The myth is not that rules are written. The myth is that they bind all equally, independent of power. When power converges, rules appear firm. When it fragments, they evaporate. That is not order transcending dominance. It is dominance speaking the language of order.

Power does not remain fixed in one place. If it did, the world might still be governed by Alexander’s successors. Dominance mutates, fragments, consolidates and reappears in altered form. We elevate certain moments as normative and dismiss others as deviations. That is where storytelling enters.

When the question is naked power, emperors rarely appear unclothed. They are draped in institutions, wrapped in charters, adorned with curated procedures. The fabric is called law, consensus, legitimacy. But the tailoring does not change the body beneath. What passes for order is often the emperor’s new clothes.

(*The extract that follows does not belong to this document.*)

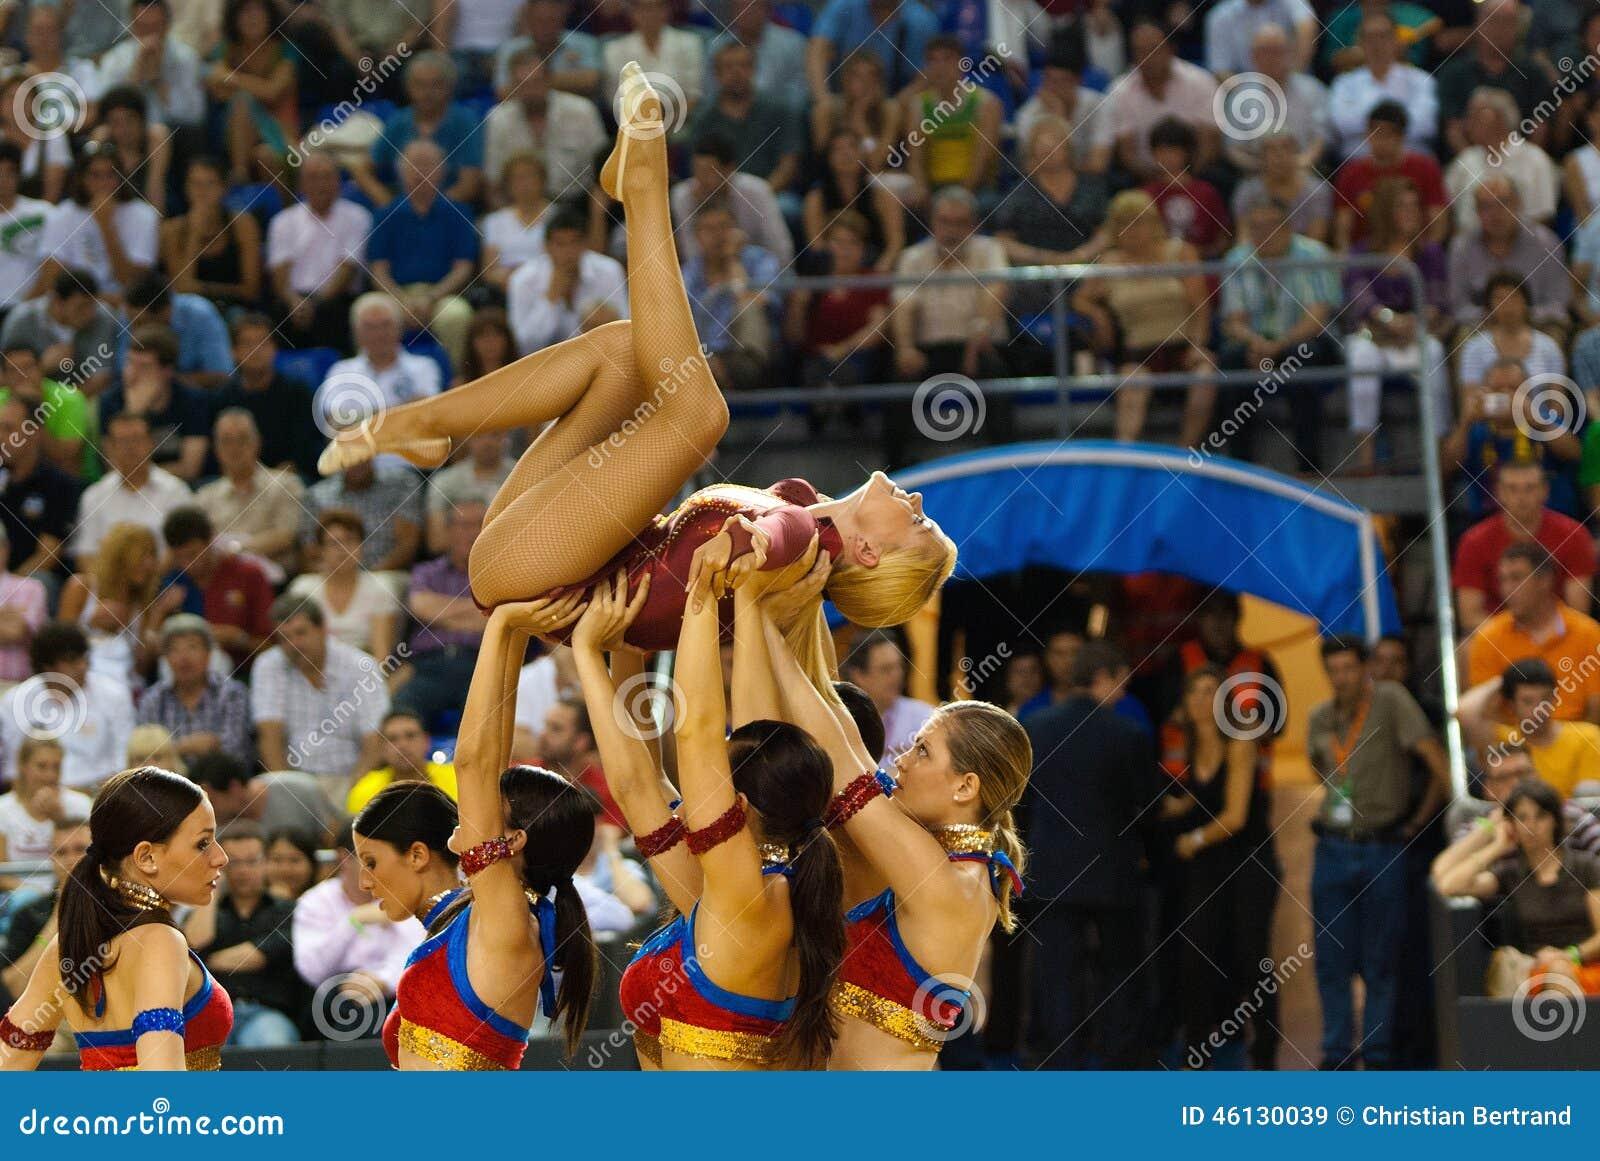 Cheerleaders at palau blaugrana editorial stock image for Puerta 0 palau blaugrana
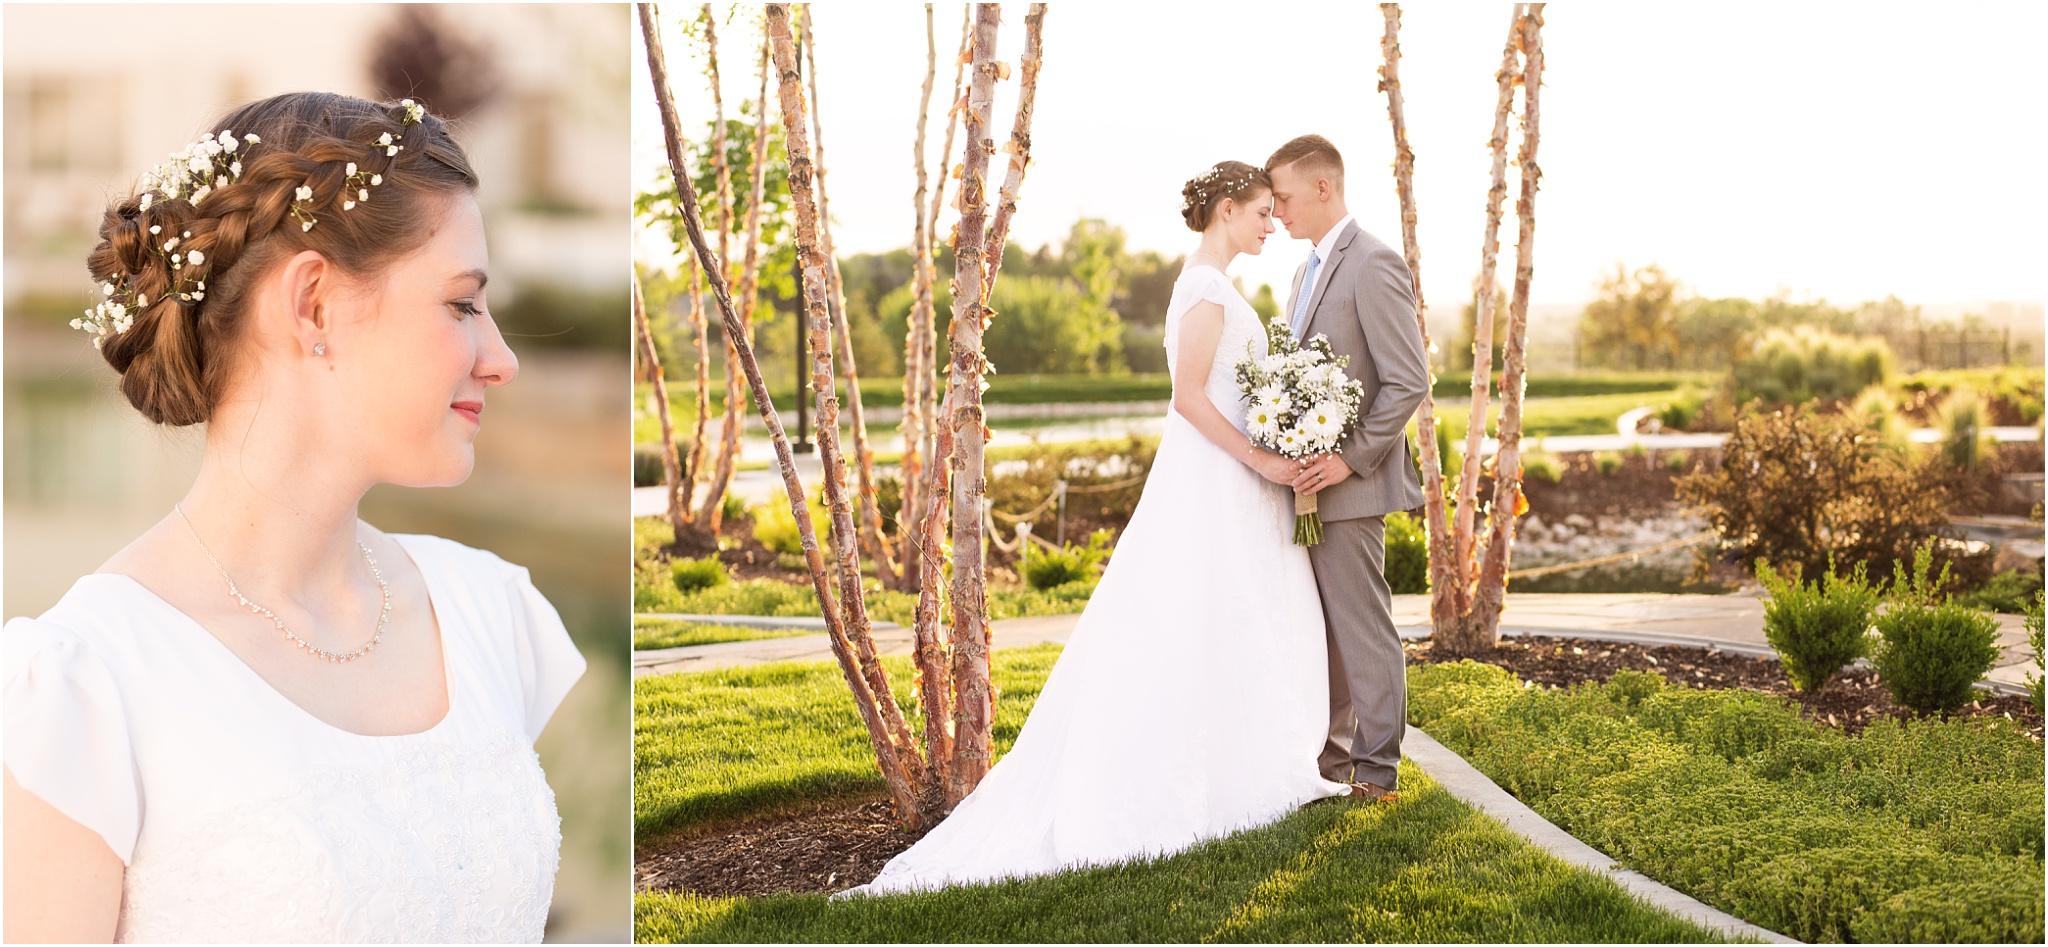 Wedding Photography_Meridian Idaho Temple_Boise Idaho_Leah Southwick Photography_0028.jpg

With cultural power at your command, and an army of historians, intellectuals, artists and storytellers aligned with you, even preference can be elevated into principle. Narratives harden into norms. What serves power is recast as what sustains order.

The restructuring of dominance we witness today is not novel. What is novel is the discomfort of those formed in the previous configuration of power, whose narratives once defined legitimacy and who still retain influence. Their alarm does not invalidate the shift. Power realigns; legitimacy follows.

At such junctures, appeals to emotion multiply. You are told the world will unravel if the old order, conveniently aligned with certain interests, is not preserved. What you are not asked is whether that order preserved yours.

Strip Hegel’s “cunning of reason” of its historicist arc and faith in progression, and what remains is far less elevated. Not the unfolding of Spirit, but calculated self-preservation. Emotive language deployed to disguise strategic interest. That is what is on display here.

In recent days, resuscitated stories about Jeffrey Epstein have resurfaced. The details are disturbing, and the media ensures attention remains fixed on the lurid elements. Spectacle is a diversion. When scandal dominates, deeper questions about networks of influence recede.

To believe Epstein’s proximity to wealth and authority was explained solely by depravity, or alternatively by espionage intrigue, simplifies what was clearly a dense ecosystem of elites. Powerful individuals gather because proximity to power consolidates influence.

Scandal satisfies outrage. It does not explain structural cohesion. The urgent question is not the pathology of one man, but the architecture that allowed access and durability. That architecture is about power preserving itself.

Abuse of children is not confined to a single scandal or geography. It occurs in private homes and public institutions. For two years, children in Gaza have lived under bombardment. In the United Kingdom, grooming gang cases have been an embarrassment and a source of shame for my diaspora and the system there. In India, Dalit children endure structural abuse that rarely commands sustained outrage.

The question is not whether these horrors are comparable. Each stands on its own moral weight. The question is why some become global obsessions while others fade into background noise.

Who shapes the hierarchy of outrage? The storyteller or your own observation? Selective amplification preserves the image of moral consistency without confronting the full distribution of suffering. And it spares you the uncomfortable question: where is the rules-based world order when all of this happens?

In short, beware of two assertions. First, that the old order served your interests more faithfully than whatever replaces it. Second, that the present turbulence is merely the whim of one leader or one faction. Structural shifts reflect realignments that rarely reverse themselves.

When President Biden succeeded President Trump after his first term, many expected rupture. What followed, in most strategic domains, was continuity with adjustment at the margins. Personalities change; power structures endure.

The lesson is neither comforting nor dramatic. You are on your own, as societies have always been. And if rules exist, they will be rewritten by those who command the prevailing balance of power. Order does not disappear. It is replaced.

There is no vacuum where order collapses. There is only a transfer of gravity.